In conclusion, there is a preponderance of evidence that the spike protein both as a whole and also as its S1 subunit are biologically active and cause harm. Keep note of the cleavage of the S1 subunit will be important later on with the vaccine safety. Still the question remains, why is the spike persistent in long haulers and in vaccine injured? Is it the same original spike or is there a replication process of the protein? Why do most people do well with COVID and clear the spike protein where as others become devastated from it?  

Summary so far:

-Spike protein is the link that explains why covid long haulers/covid complications and covid vaccine adverse reactions are medically the same - Here's a new autopsy report of a Pfizer vaccine death proven on autopsy by finding spike protein in vessels, brain, and cardiac tissue:  https://www.mdpi.com/2076-393X/10/10/1651 -Spike protein, especially the S1 subunit, is shed after full spike binding and causes damage via vascular endothelial damage and once it makes holes in the vascular lining, it then enters organs; this is a generalizable property of all COVID spike proteins in both virus variants and also the S1 subunit shedding has been proven to occur from vaccine spike protein too Lingering next question from the last email is why is the spike protein persistent? Can it replicate without the virus?

 

 

Part 3: Persistence of Spike In the Body - It's all in the delivery system

The landmark paper for mRNA research was in 1990 which revealed that injecting viral particles in a cell, with no adjustments to the viral particles, causes the cell to start reproducing the viral particle independent of the virus. https://pubmed.ncbi.nlm.nih.gov/1690918/

    • "RNA and DNA expression vectors containing genes for chloramphenicol acetyltransferase, luciferase, and beta-galactosidase were separately injected into mouse skeletal muscle in vivo. Protein expression was readily detected in all cases, and no special delivery system was required for these effects. The extent of expression from both the RNA and DNA constructs was comparable to that obtained from fibroblasts transfected in vitro under optimal conditions. In situ cytochemical staining for beta-galactosidase activity was localized to muscle cells following injection of the beta-galactosidase DNA vector. After injection of the DNA luciferase expression vector, luciferase activity was present in the muscle for at least 2 months."

At this point, the focus became how do we optimize this process, as the longer a cell can be made to reproduce the viral protein, the strong the immune response will be and thus the longer lasting immunity generated from the vaccine.
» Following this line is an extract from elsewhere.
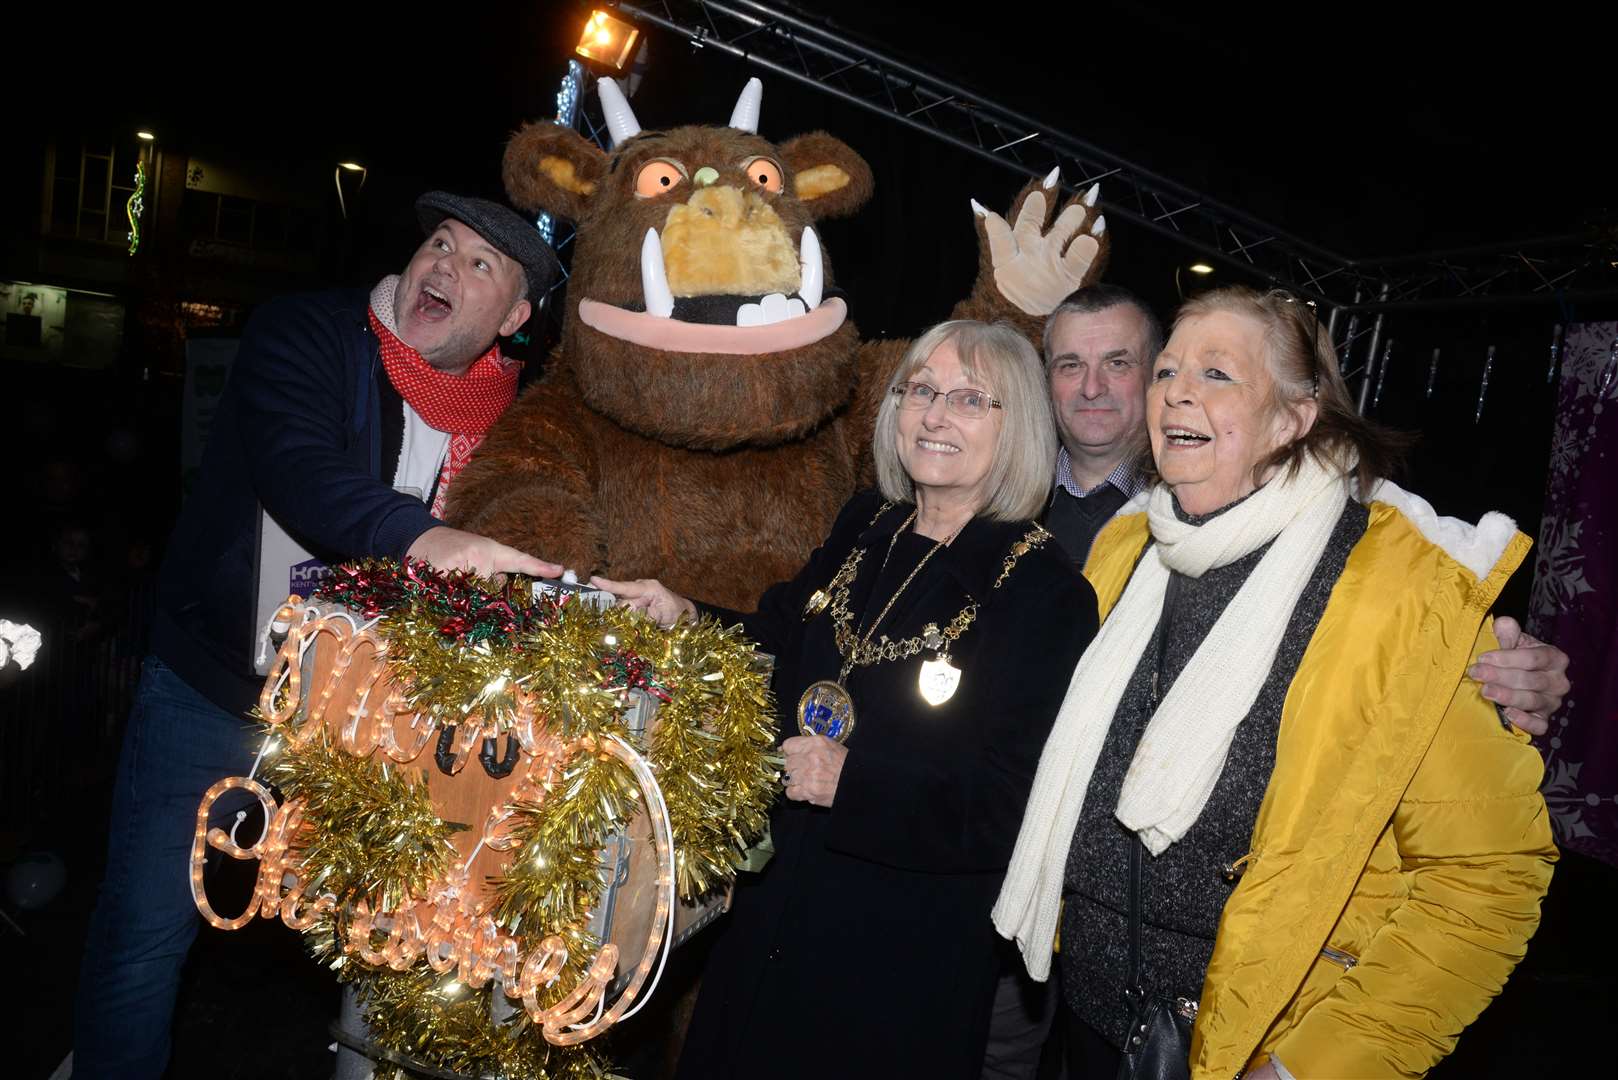 kmfm's Garry Wilson, The Gruffalo, Mayor of Medway Cllr Jan Aldous with Cllrs Richard Thorne and Jane Chitty switch on the Christmas lights in Strood. Picture: Chris Davey
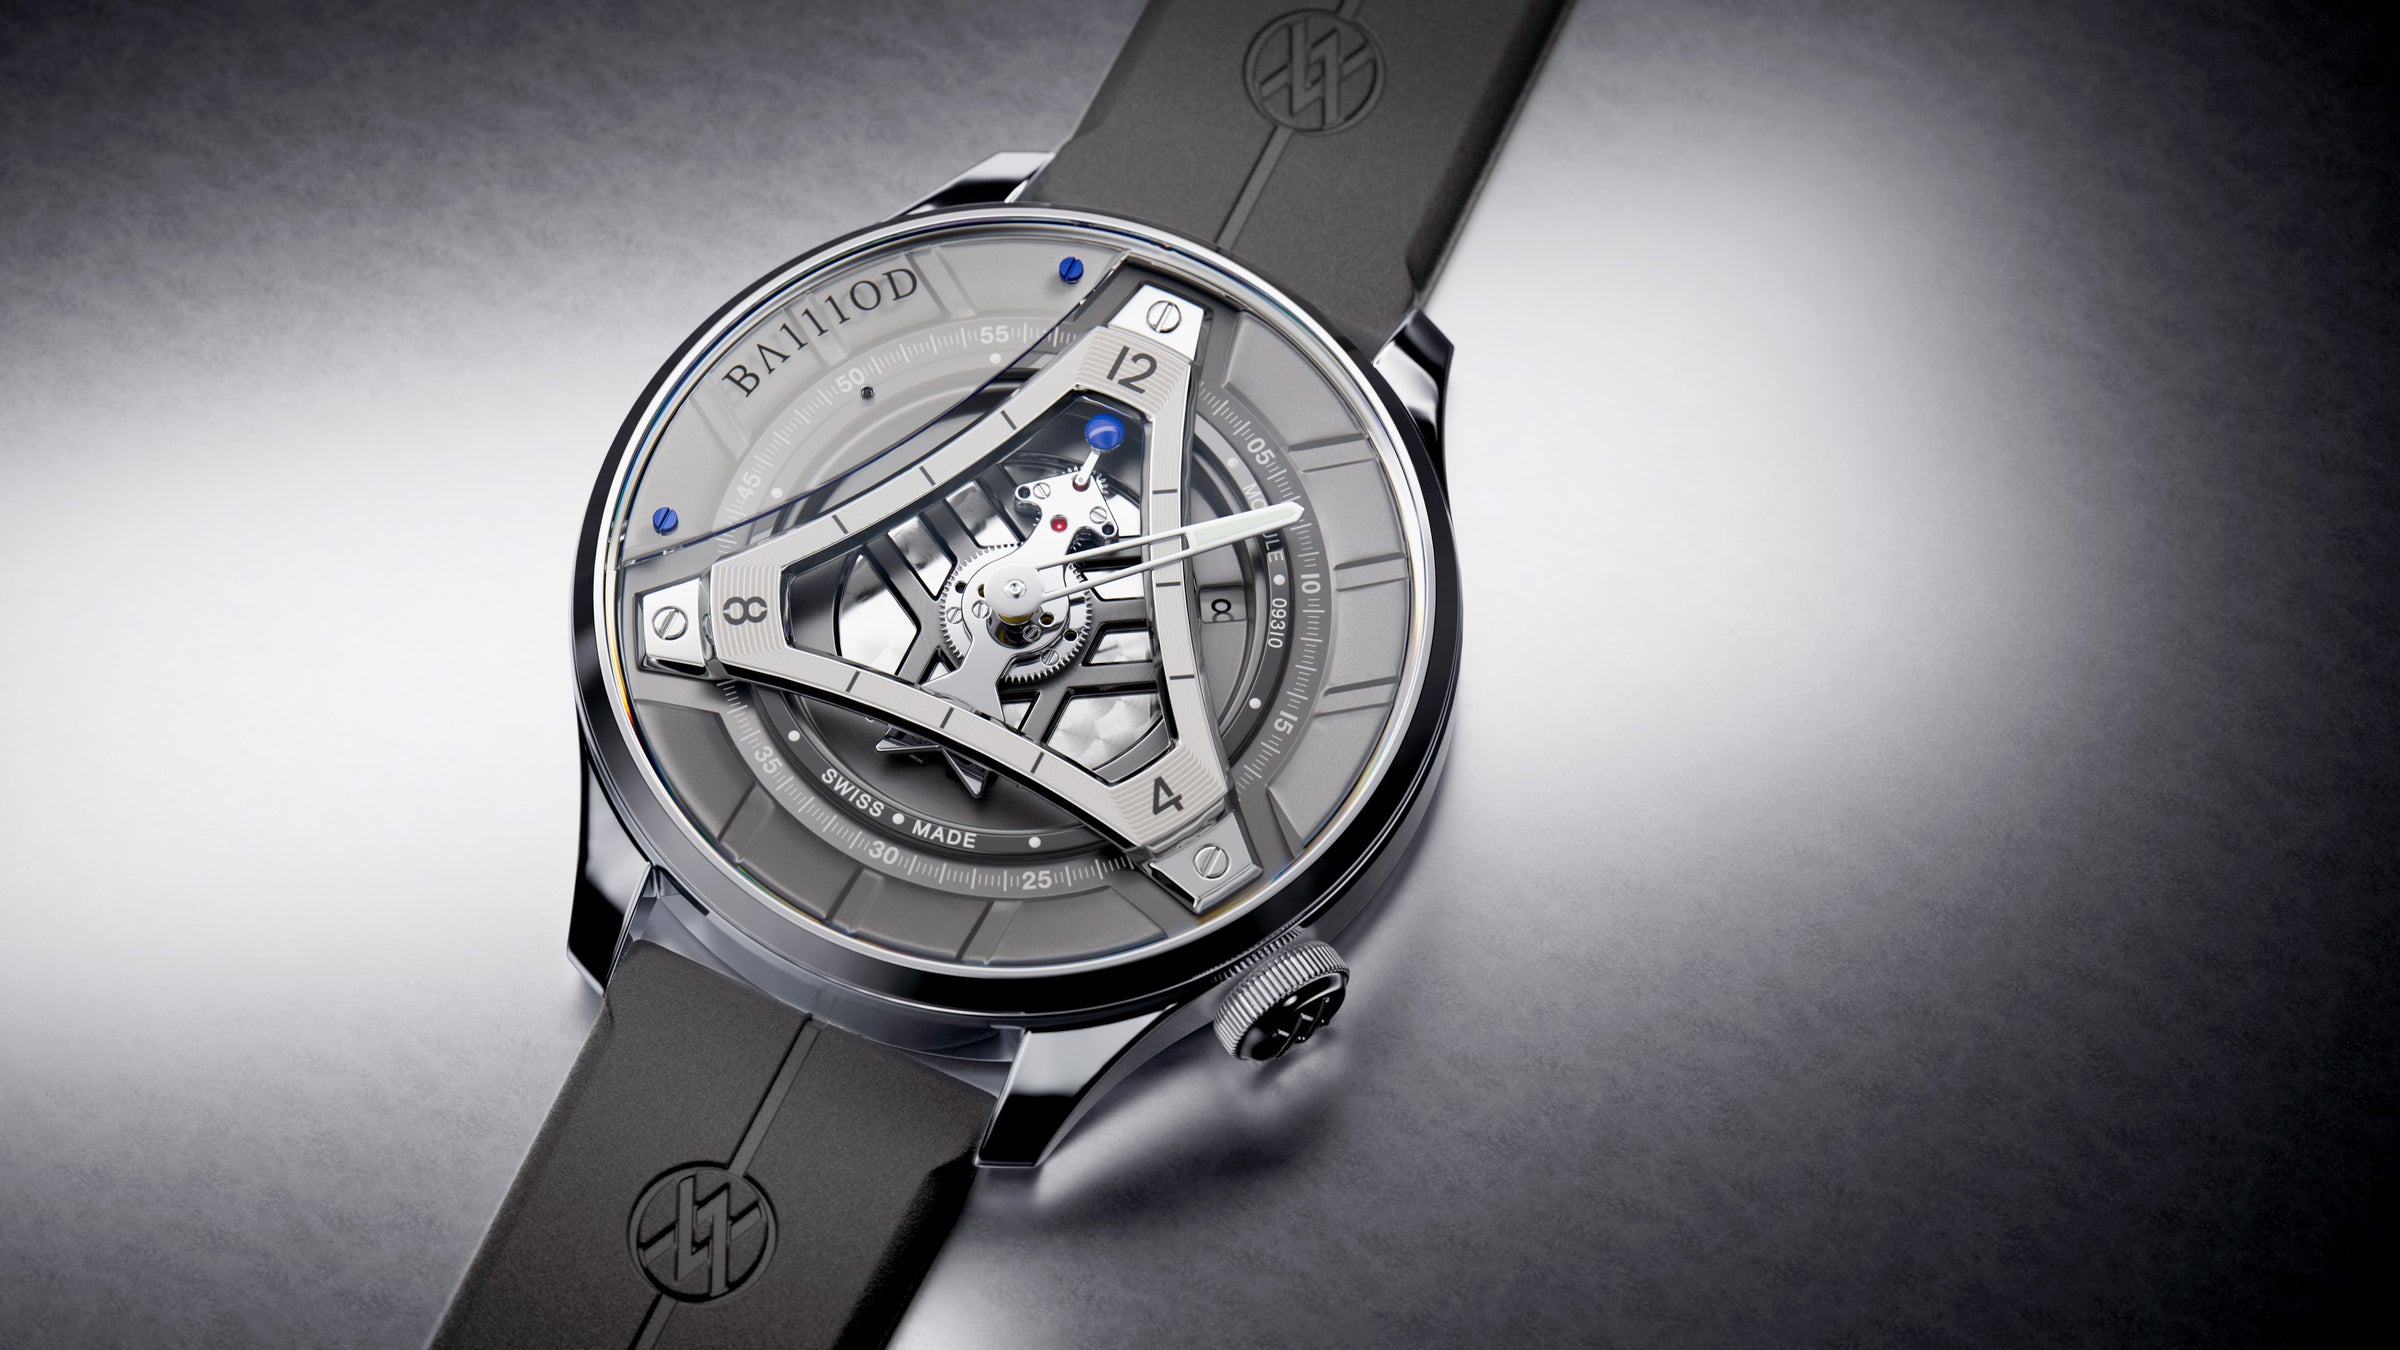 CHPTR_Δ Concept watch grey and blue Swiss Made

One of the ways to enhance this process was by using lipid nanoparticles, which allows for better evasion of the body’s defenses to allow delivery of the viral protein into the cells. https://www.ncbi.nlm.nih.gov/pmc/articles/PMC8940982/

  • "The fundamental mechanism underlying the mRNA vaccine technology is based on a vehicle that enables the delivery of a nucleic acid molecule encoding the antigen of interest into the target cell in the human host, thus allowing the host cell to fabricate the target protein and express the antigen to elicit the immune response"
  • "mRNA delivered by vaccine vehicles based on lipid nanoparticles (LNPs) enters cells exclusively by endocytosis, forming an endosome without destroying the cell membrane. After entering the cytoplasm, the endosome is directed immediately to lysosomes for degradation. Therefore, in order to ensure structural integrity and thus translation of injected mRNA, endosomal fusion with lysosomes and disruption must be evaded. Studies have shown that the ionizable lipids in LNPs play a role in mRNA release and endosomal escape."
  • "mRNA is then translated into proteins by ribosomes"
  • "translated proteins based on the information contained in the mRNA can be secreted into the extracellular environment"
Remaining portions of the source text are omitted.